What has been potential for India for many years is now turning into reality, with inquiries converting into substantial order books to be fulfilled over the next few years.
Indian corporates in these sectors have demonstrated domain expertise and the scale to meet global demand while respecting intellectual property rights better than their counterparts in neighbouring countries.
Additionally, government policies like PLI (Production Linked Incentives) and tax breaks for new manufacturing units (with an income tax rate of just 15% for an initial period) have also acted as catalysts.
You highlighted Pharmaceuticals (CDMO & CRAMS) and Specialty Chemicals as two industries benefiting from this trend. What specific strengths do Indian companies in these sectors offer that make them attractive partners in the global supply chain?
Indian chemists and their skills are recognized worldwide, supported by an abundant talent pool with numerous PhDs in the sector.
Over the last couple of decades, several Indian pharmaceutical companies (CDMO, CRAMS, and CRO) have gained the trust of major pharmaceutical companies due to their capabilities, timely delivery, and confidentiality of research databases.

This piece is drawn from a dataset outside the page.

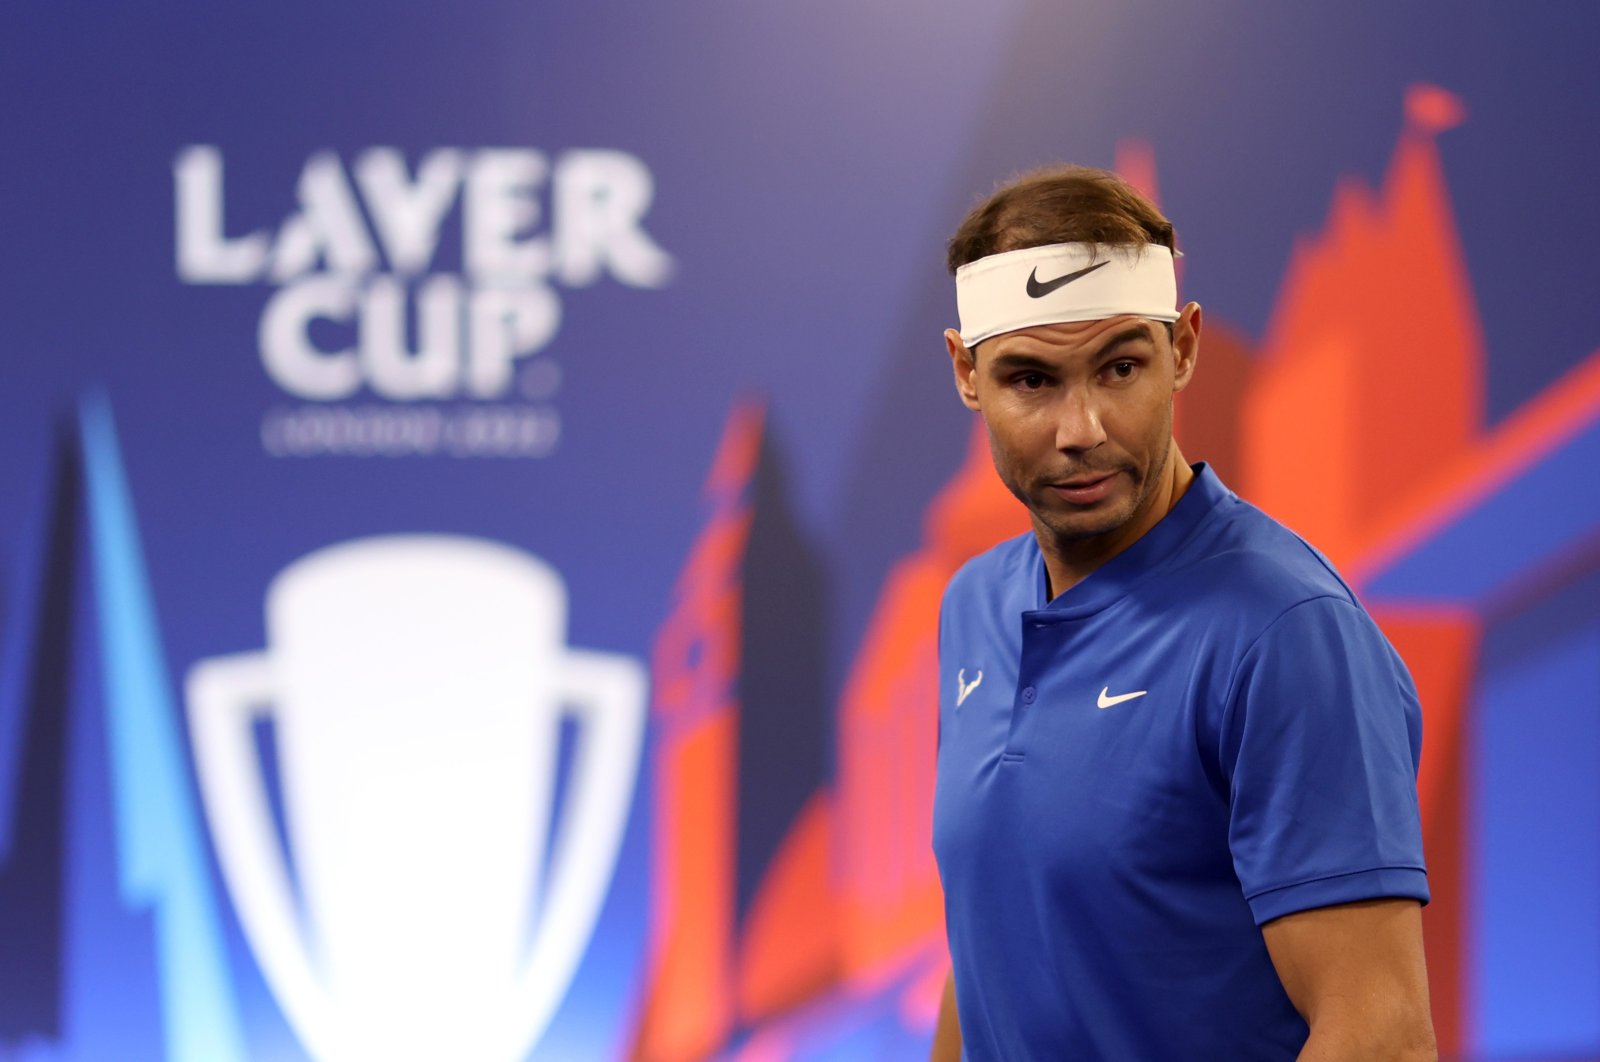 Rafael Nadal of Team Europe trains in the gym during Day One of the Laver Cup at The O2 Arena. London, England, Sept. 23, 2022. (Getty Photo)

We are now witnessing these Indian companies reaching a critical size and scale, prompting major pharmaceutical firms to shift existing substantial business programs from China and direct incremental new product pipelines to Indian companies that now have the capacity for large-scale manufacturing.
The “China +1” strategy is well-known, but you also mentioned “Europe +1.” Could you explain how Europe’s strategy is influencing Indian manufacturers, and which industries are seeing the most significant impact from this shift?
Challenges in Europe are multifaceted: the demographic trend leans more toward consumption rather than a productive workforce, leading to high labour costs.
Additionally, environmental regulations make it difficult and prohibitively expensive to establish new manufacturing capacities.
In contrast, Indian companies can demonstrate significant value addition (arbitrage) in terms of capital expenditure, operating costs, and R&D costs compared to existing and proposed manufacturing capacities for sectors such as Specialty Chemicals, Pharmaceuticals, Engineering, Power Equipment, Automotive Components, and Textiles.
What about gold and silver? Both precious metals are also riding the liquidity wave.
In the last two years, the US dollar has weakened against the euro (up over 13%) and the British pound (up over 19%).
Commodity prices like aluminium (+20%) and copper (+26%) have also risen.
During the same period, gold prices have increased nearly 60% in US dollars. Therefore, the rising trend in precious metals appears to be in sync with the weakening of the US dollar.
What will be the potential impact of China’s stimulus on global commodities? We are seeing some heightened activity in the metal space.
In the last decade, more than 50% of incremental global demand for most commodities has been driven by China’s consumption, primarily for infrastructure build-up and housing.
Currently, it seems China has enough capacity in both areas, which may limit incremental consumption. Thus, it remains uncertain whether China’s stimulus will drive sustainable demand for commodities.
However, as mentioned earlier, the weakening of the US dollar, which in turn drives demand for alternative asset classes, could be a significant factor influencing commodity prices.